Better-ear processing was described in detail in Brungart and Iyer (2012). Briefly, spatialized stimuli were generated using KEMAR head-related transfer functions (HRTFs). The target was always simulated to be at 0° azimuth, while the maskers were simulated to be colocated with the target (at 0° azimuth) or separated symmetrically on either side (at ±60° azimuth). Better-ear processing was then applied to the spatially separated signals. Left and right ear masker signals were processed by a 128-channel gammatone filterbank (80–5000 Hz). The time-domain outputs from each channel were then divided into 20-ms segments (with 50% overlap) and multiplied by a 20-ms raised-cosine window. Because the HRTFs were symmetric across the median sagittal plane, the target signal was always identical in the two ears. Thus it was possible to identify the “better ear,” independently for each time-frequency segment, as the ear with the lower total root-mean-square (rms) energy. Conversely, the worse ear for that segment was defined as the ear with the higher rms.

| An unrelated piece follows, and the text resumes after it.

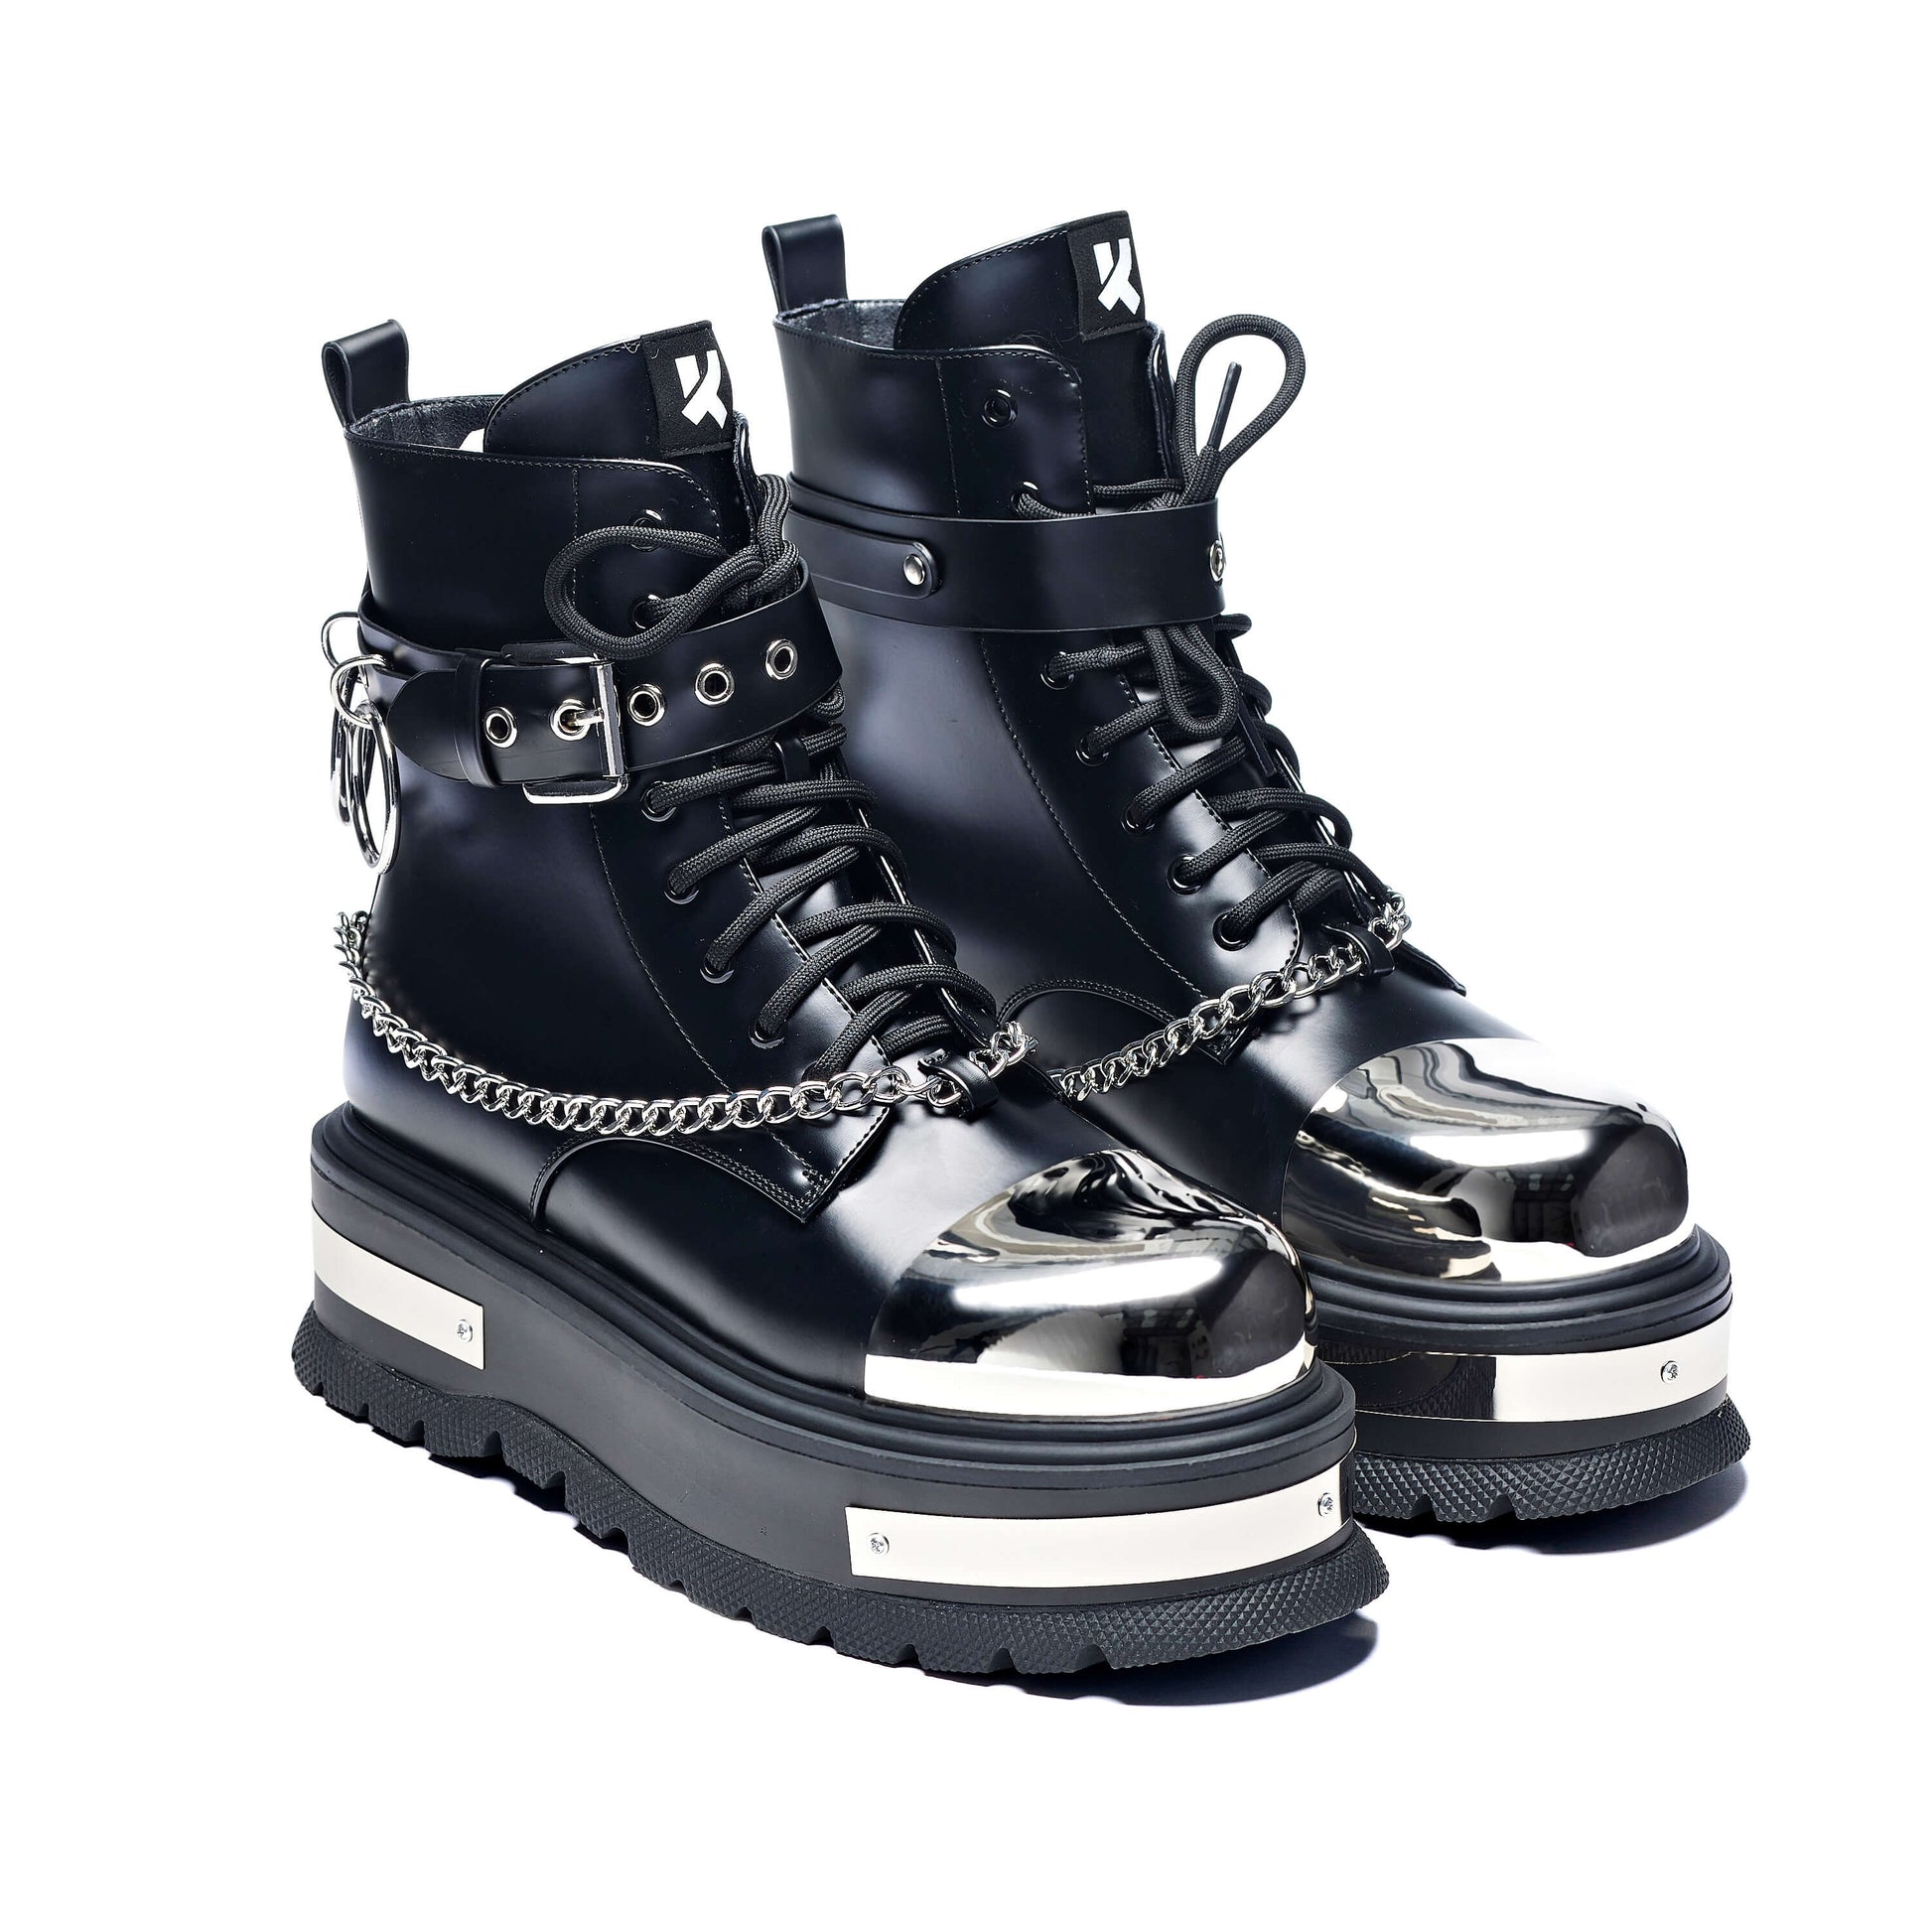 Borin Men's Hardware Platform Boots - Ankle Boots - KOI Footwear - Black - Three-Quarter View
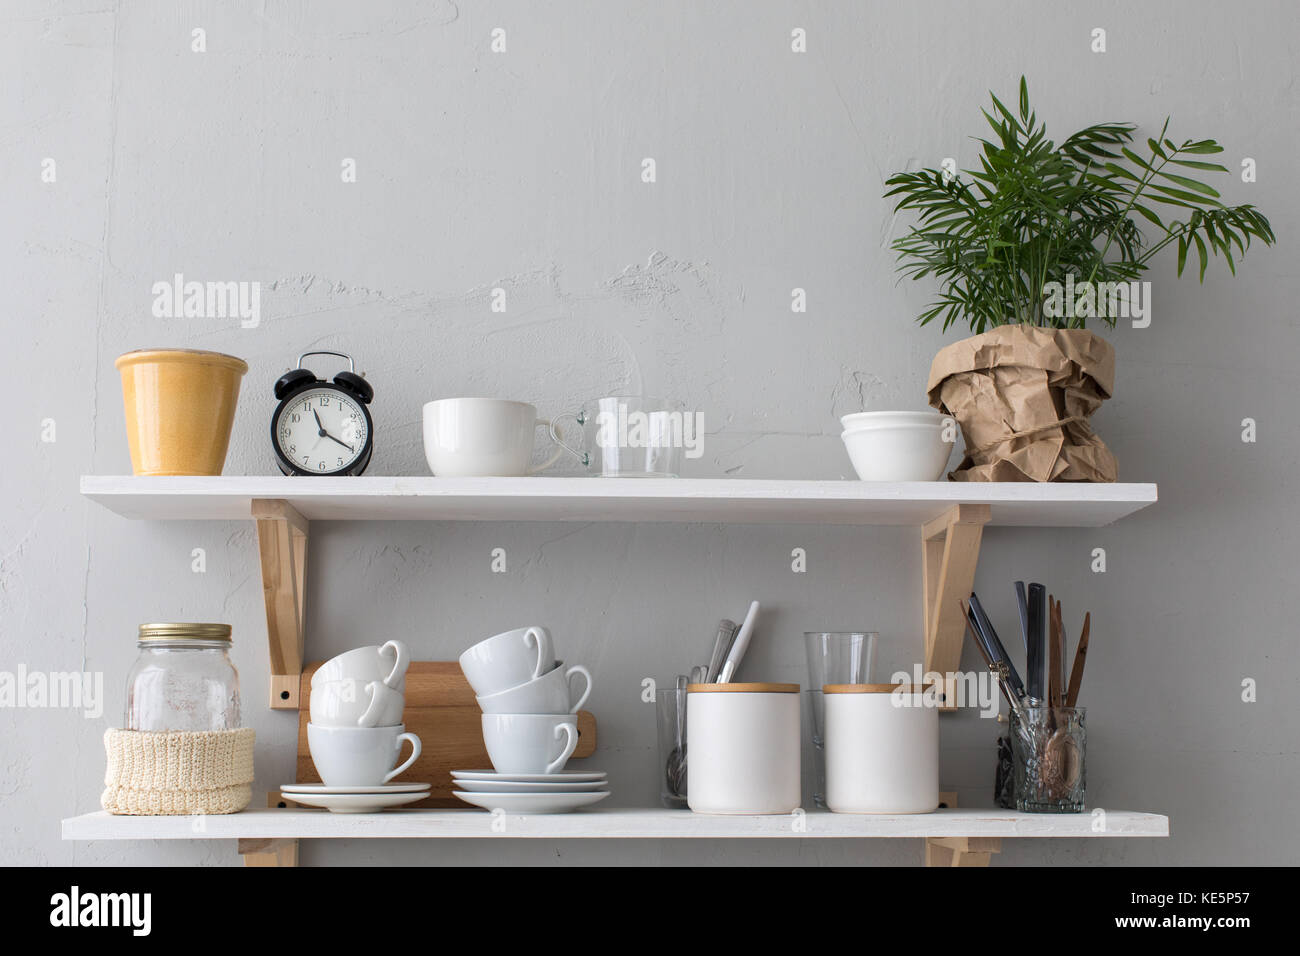 Utensils and mugs on shelf gray wall Stock Photo

Six masker conditions were created as per Brungart and Iyer (2012).

  • (1)

    Colocated: target and maskers presented from 0° azimuth.

  • (2)

    Binaural: target presented from 0° azimuth and maskers presented from ±60° azimuth.

  • (3)

    Better-ear: for every time/frequency segment, the better ear was chosen from the binaural stimulus and the resynthesized mixture was presented diotically.

  • (4)

    Worse-ear: for every time/frequency segment, the worse ear was chosen from the binaural stimulus and the resynthesized mixture was presented diotically.

  • (5)

    Hybrid: the better-ear segments were presented to one ear (chosen randomly on every trial), and the worse-ear segments were presented to the other ear. This presentation meant that the two ears received the original left and right ear signals within a segment, and thus the original interaural differences were preserved (unlike in the diotic better-ear and worse-ear signals where the interaural differences were always zero).

  • (6)

    Monaural: only one ear (randomly chosen) from the binaural stimulus was presented.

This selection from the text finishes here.